Posted to dev@httpd.apache.org by William A Rowe Jr <wr...@rowe-clan.net> on 2015/06/09 17:46:32 UTC

Re: svn commit: r1684457 - /httpd/httpd/branches/2.2.x/STATUS

I don't entirely understand the patch CHANGES, however...

On Tue, Jun 9, 2015 at 10:41 AM, <wr...@apache.org> wrote:

>  PATCHES ACCEPTED TO BACKPORT FROM TRUNK:
>    [ start all new proposals below, under PATCHES PROPOSED. ]
>
>     * mod_ssl: bring SNI behavior into better conformance with RFC 6066
>       (also addresses PR 56241)
>       trunk patch: https://svn.apache.org/r1585090
>                    (partial, w/o startup warnings changes)
>       2.4.x patch: https://svn.apache.org/r1588424
>                    (backported to 2.4.10)
>       2.2.x patch:
> http://people.apache.org/~ylavic/httpd-2.2.x-no_sni_warning.patch
> +     +1: ylavic, jorton, wrowe
>

The patch claims both adjusting alerts and changing startup behavior...

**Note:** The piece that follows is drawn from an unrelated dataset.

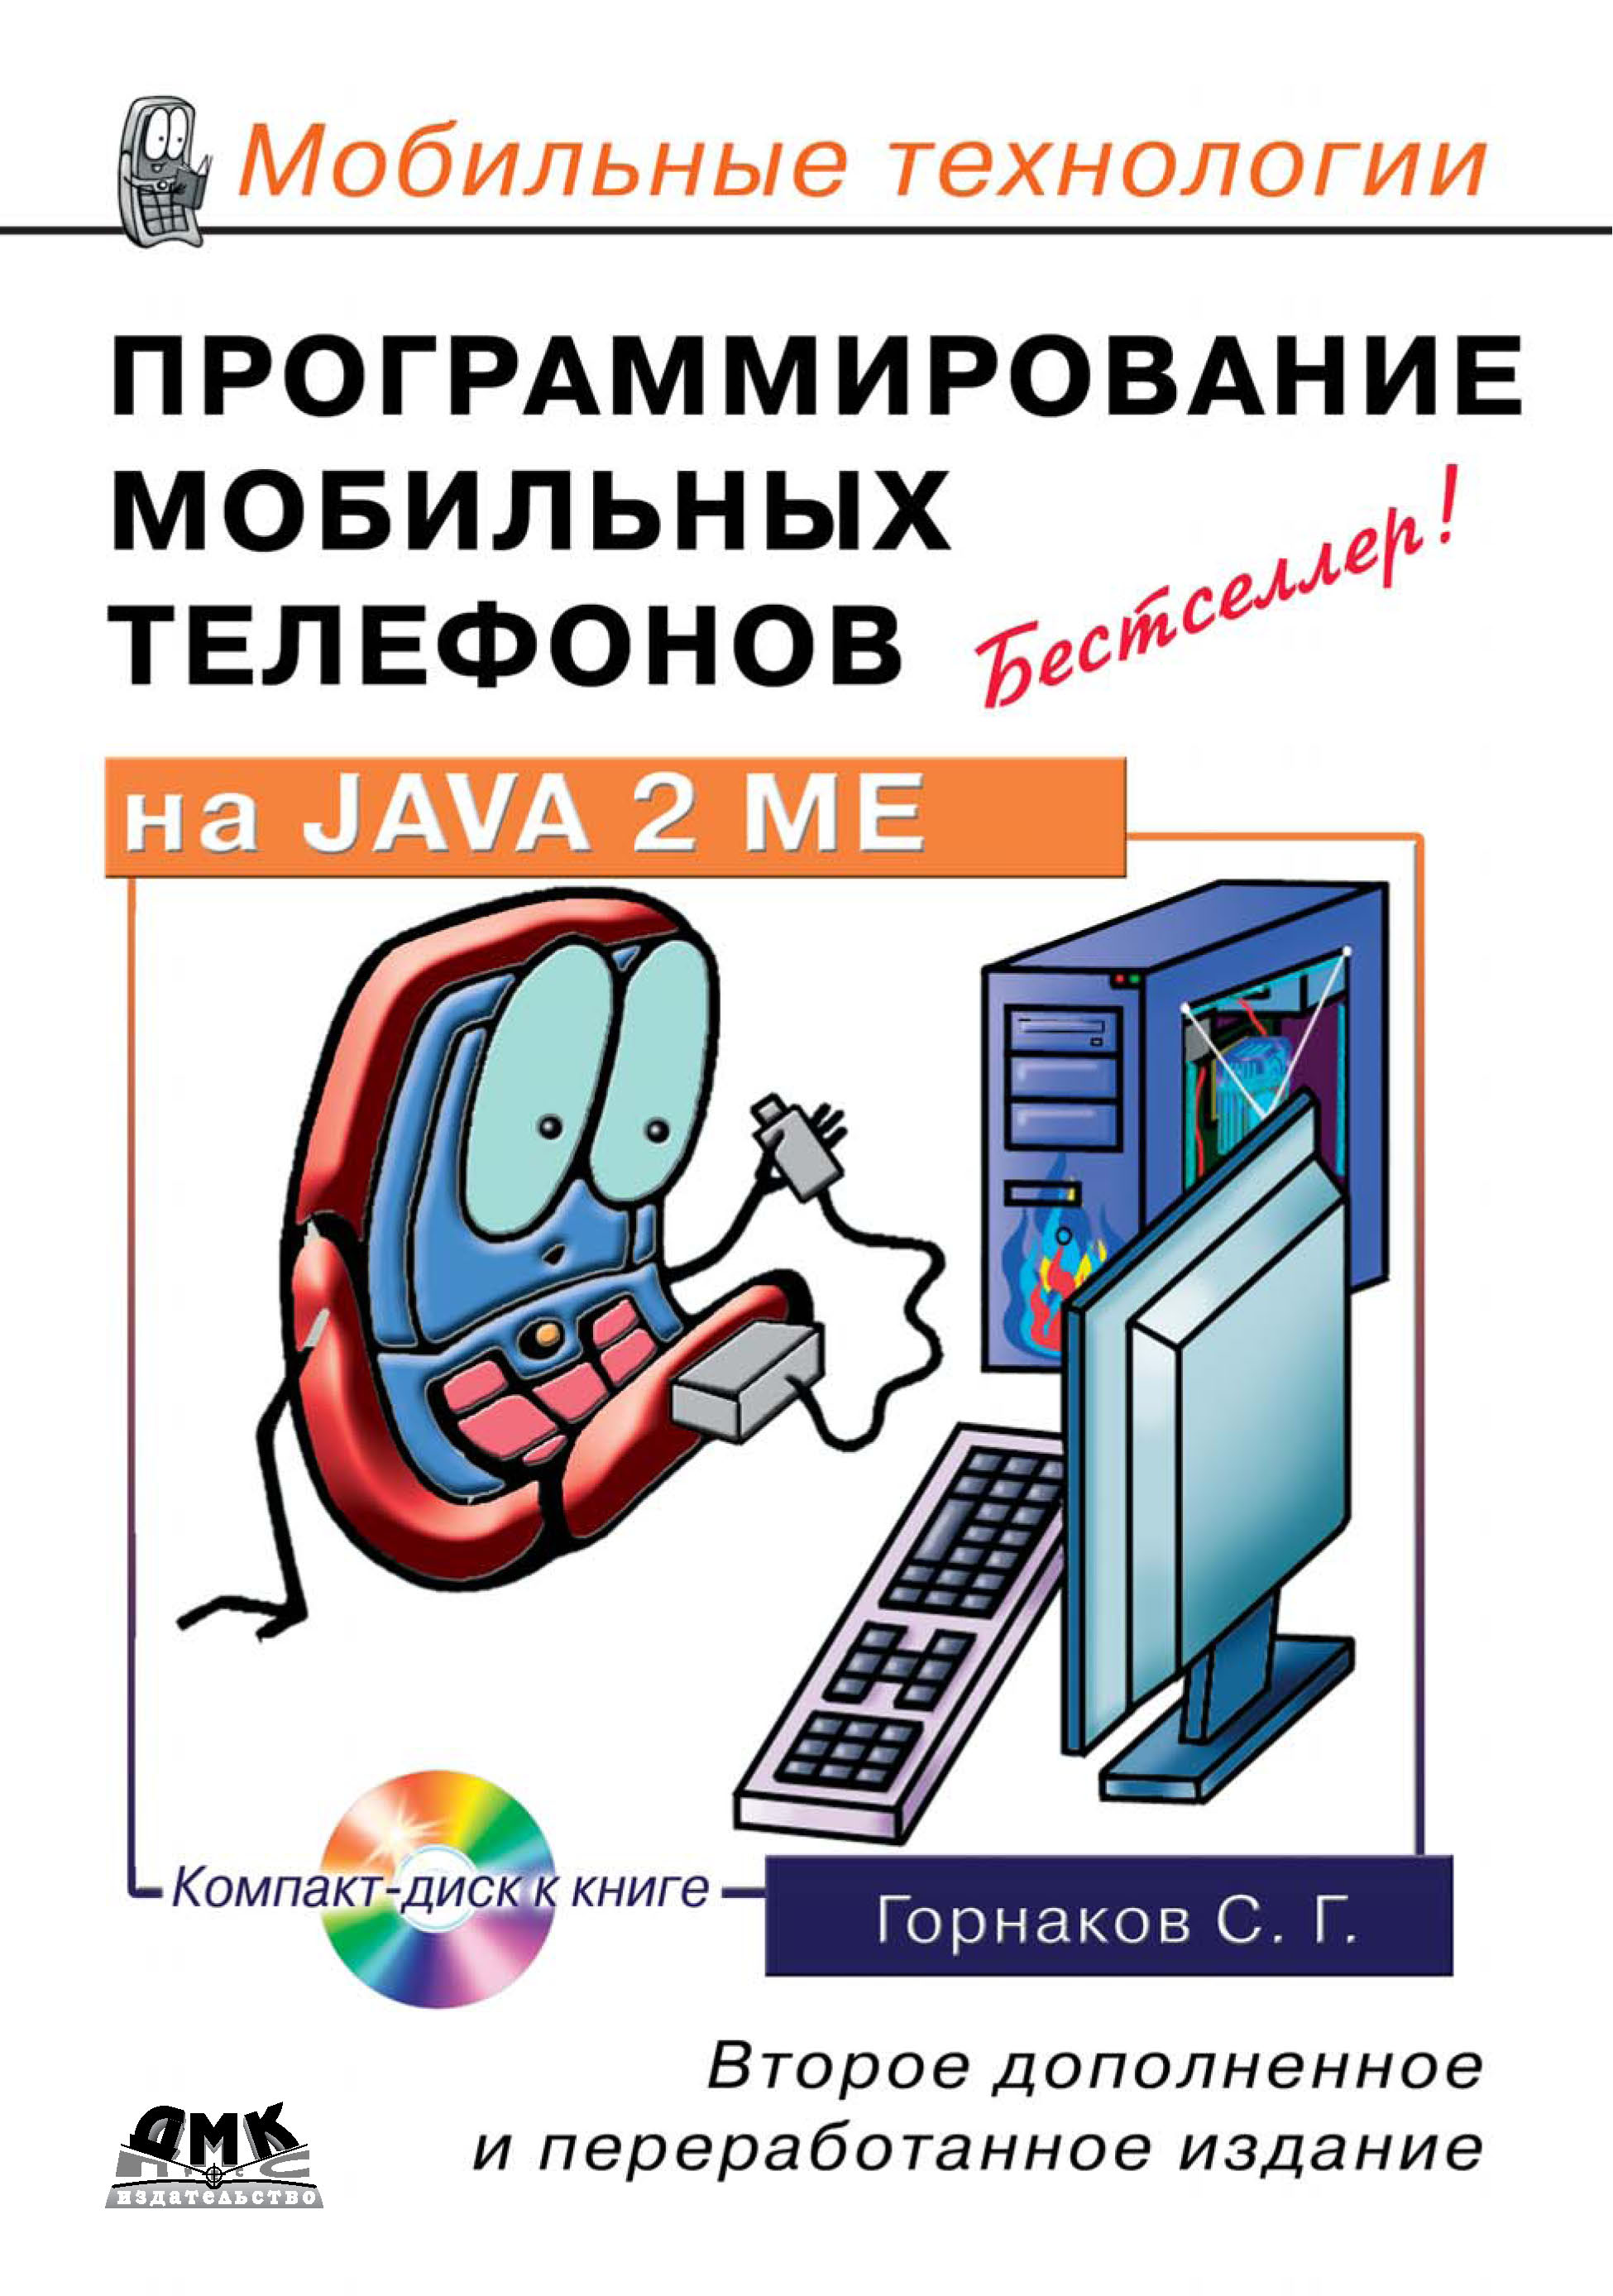 Книга Мобильные технологии Программирование мобильных телефонов на Java 2 Micro Edition созданная Станислав Горнаков может относится к жанру программирование. Стоимость электронной книги Программирование мобильных телефонов на Java 2 Micro Edition с идентификатором 6283857 составляет 279.00 руб.

--- CHANGES	(revision 1684331)
+++ CHANGES	(working copy)
@@ -1,6 +1,11 @@
                                                          -*- coding: utf-8 -*-
 Changes with Apache 2.2.30

+  *) mod_ssl: bring SNI behavior into better conformance with RFC 6066:
+     no longer send warning-level unrecognized_name(112) alerts,
+     and limit startup warnings to cases where an OpenSSL version
+     without TLS extension support is used. PR 56241. [Kaspar Brand]
+
   *) http: Make ap_die() robust against any HTTP error code and not modify
      response status (finally logged) when nothing is to be done.
[Yann Ylavic]


But the patch contains only the first change to code.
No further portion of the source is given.